29. Bölüm

YENİ GÖREV

Elif Eylül Özmen
margaritga_okur06

Ekrandaki yanıp sönen kırmızı ışık ile Pelin'e ait olduğunu bildiğim resmi incelemeye devam ettim. Üzerindeki kıyafetler tesisten kaybolmadan önce giydiği kıyafetler ile aynıydı. Üzerindeki siyah kot pantolon ve onun üzerine giydiği beyaz boğazlı kazak ile şıklığını korumaya devam ettiği söylenebilirdi.
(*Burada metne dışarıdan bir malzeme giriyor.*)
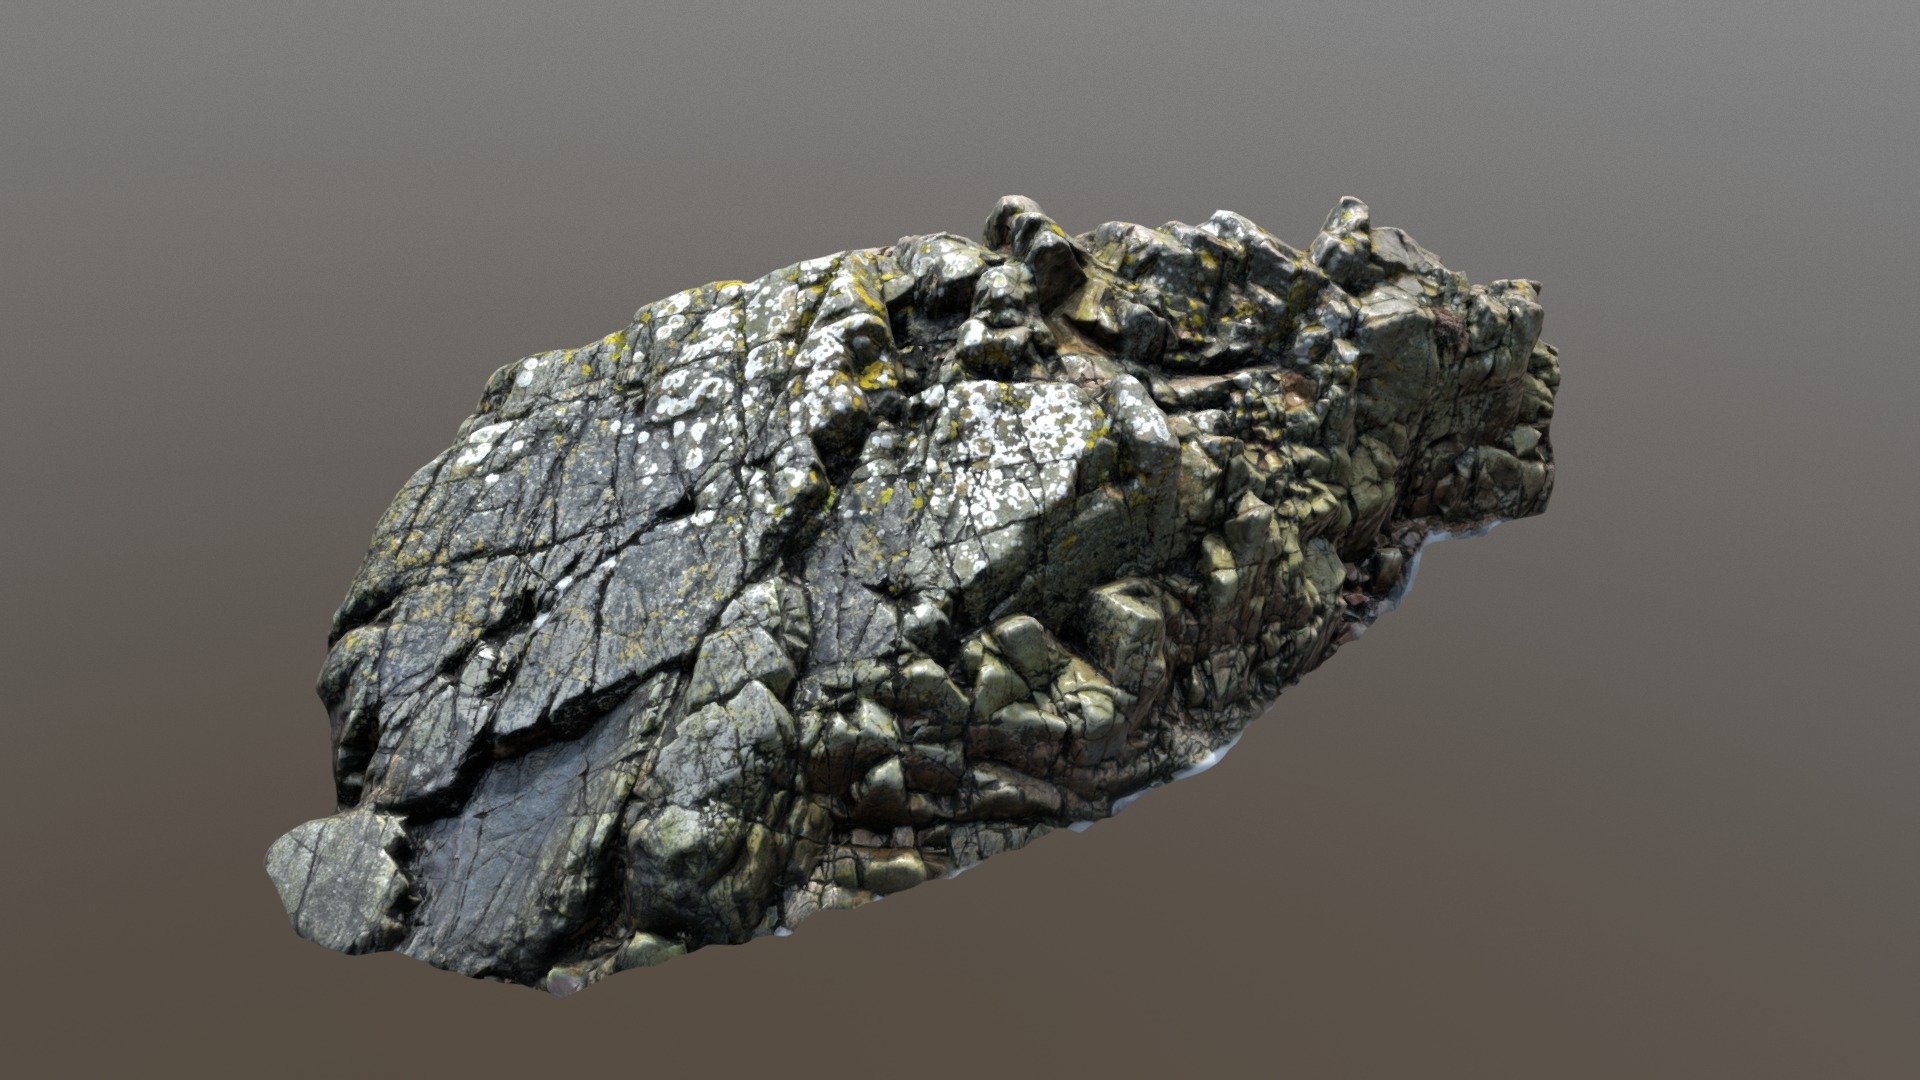 3d scanned rock cliff J

3d scanned cliff/ground - Nature Rock Cliff J - Buy Royalty Free 3D model by 3drille 3d model

Ancak yüz ifadesi bu şıklığına meydan okuyacak kadar katıydı . Fotoğrafın çekilme bilgilerine göre iki gün önce böyle yakalanmıştı. Elindeki filtre kahve olduğuna neredeyse emin olduğum bardak ile gizli bir şekilde kaldırımın en karanlık köşesinden bir sokağa dönerken yakalanmıştı. Halinden anlayacak olursak katı ifadesinin arasında gizlenmiş tedirginlik ve endişe oldukça derinden geliyordu. Pelin'in acele etmesine rağmen Yavuz 'un böyle bir kareyi yakalaması işinde bu kadar iyi olduğunu için beni açıkçası gururlandırmıştı. Bunun için onu tebrik etmeyi bir kenara bırakarak asıl mevzumuza odaklandım. Pelin bu fotoğrafa göre katilden kurtulmuş olmalıydı ama neden buraya gelmemişti? Yoksa bu da bir aldatmaca mıydı? Bunlar bende bir soru işareti bırakırken gözlerim masanın önündeki resmi dikkatle inceleyen ekibine kaydı hepsi büyük bir ustalıkla ekrana odaklanmıştı. Tam bende ekrana tekrar dönecekken telefonumdaki titreşim bütün dikkatleri üzerime çekmişti. Hemen elim cebimdeki telefonuma giderken bana gelen mesajlar kısmına girerek geçenki gibi olan şifreli mesajı gördüm.

 

Karanlığın içinden bana bakıyorsun. Saç tellerin rüzgârda değil, hatıralarımda savruluyor. Gözlerini tekrar görene kadar uyumayacağım.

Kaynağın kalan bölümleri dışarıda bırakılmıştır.